The second has been the revision of Isie’s own life. It’s important to remember that she didn’t just run this farm, which she had to because this is what the family depended on to live because Smuts didn’t always receive a government salary.

“She was also a formidable intellectual in her own right, a great humanitarian and a true patriot. Her work raising funds for the welfare of all South Africans and her efforts to send comfort packs to South African soldiers fighting in World War II, while ensuring prisoners of war held in South Africa were looked after too, is often totally forgotten.

“By 1942, she had single-handedly raised more than double the money that was raised for the building of the Voortrekker Monument, which began in 1938. Maybe that’s why she was hated, because the money wasn’t for the Volk but the entire country,” mused Rabie.

“Yet she never lost sight of her roots.
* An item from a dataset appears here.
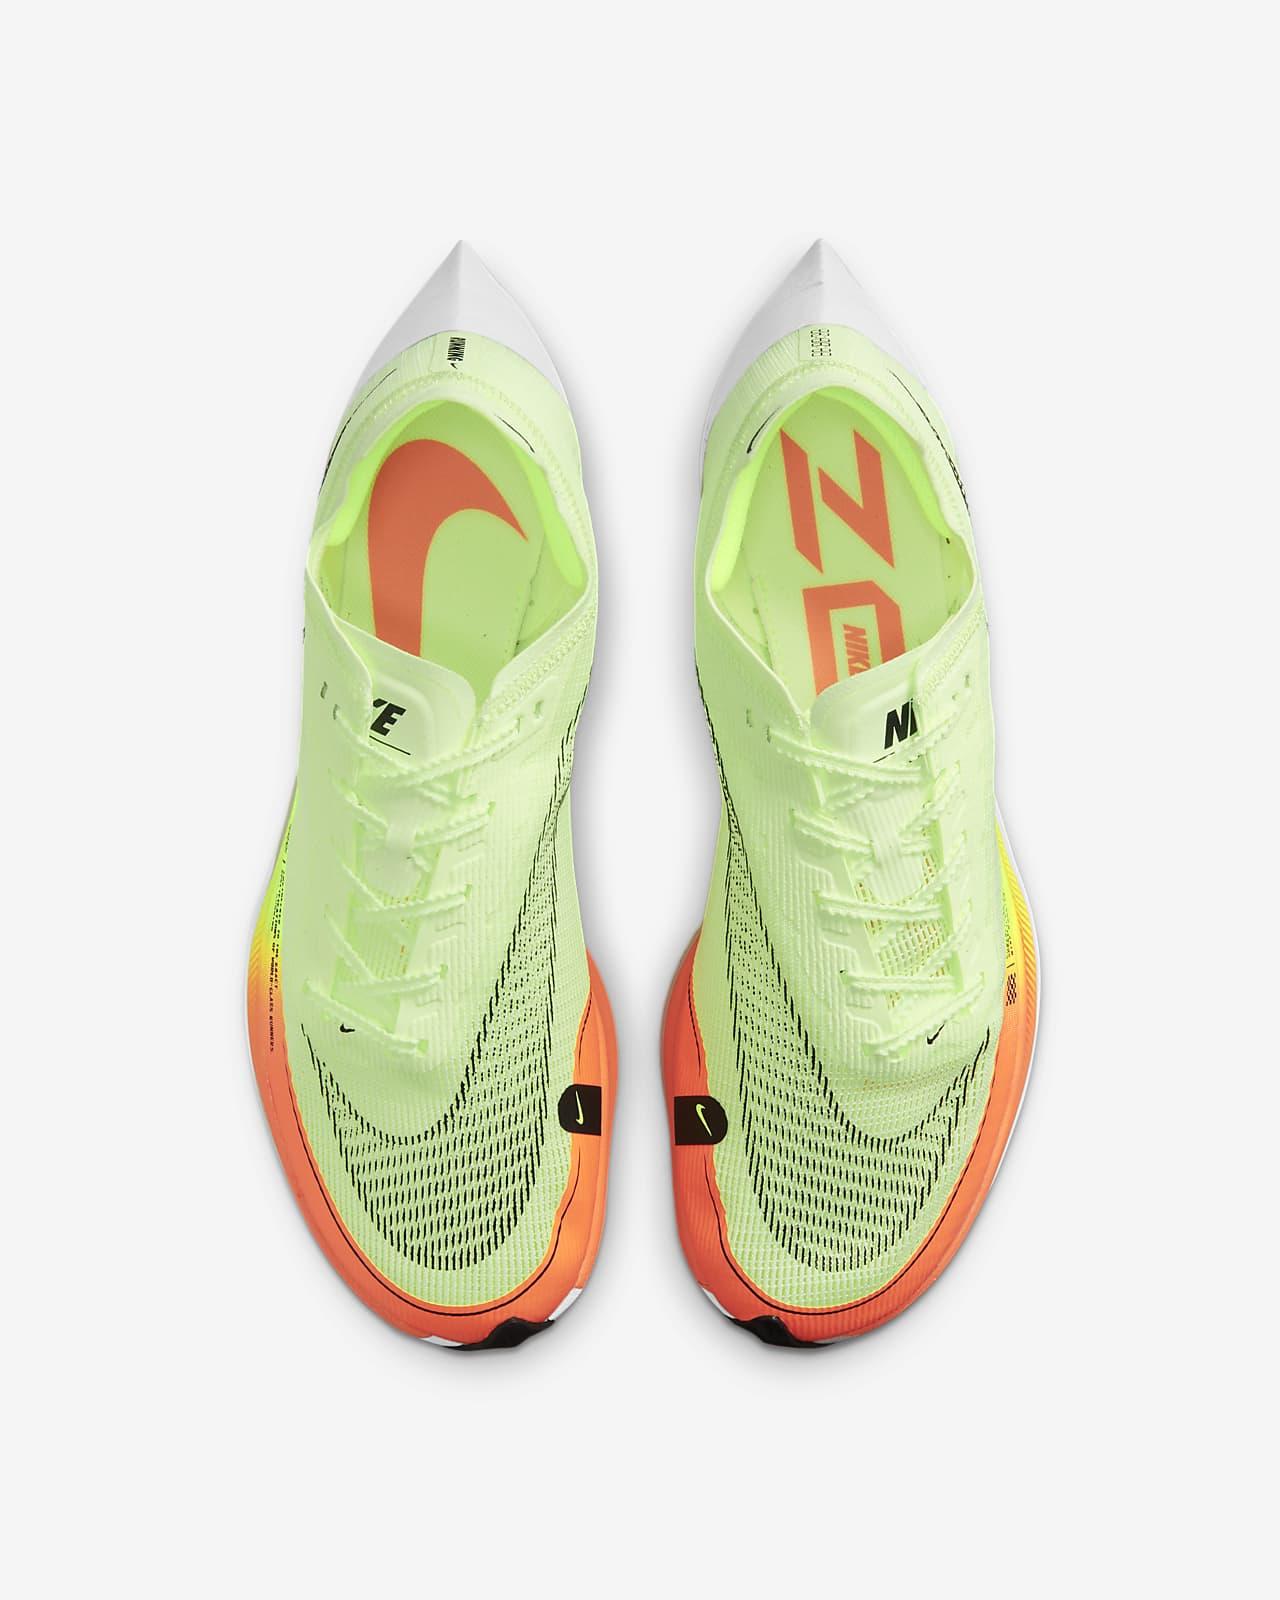 Chaussures de course Nike ZoomX Vaporfly Next% 2 pour Homme

She ensured her children and grandchildren grew up speaking Afrikaans, she was involved with the Vroue Federasie, made the traditional clothes that she, and some of their children and grandchildren wore to attend the centenary of the Great Trek as well as the opening of the Voortrekker Monument Museum.”

Smuts died in 1950 and his ashes were scattered on the farm. Isie, who was born the same year as him, would die four years later. Her ashes were strewn on the koppie next to his.

The simple bed on the stoep of Smuts House on Doornkloof Farm in Irene, Pretoria, where Jan Smuts would sleep during the hot summer nights. | Picture: KEVIN RITCHIE

“When you look at them, when you read all the letters they wrote each other; the interests they shared, like studying the Bible together in the original Greek, it was almost as if they were pre-destined to be together. She played a massive role in his life, from confidant to political lobbyist, best friend, lover – bearing him nine children – and wife,” said Rabie.

The Smuts Museum is open four times a week until further notice; on Wednesdays, Fridays, Saturdays and Sundays; from 9am to 3.30pm. Admission is R50 an adult and R30 for students and pensioners.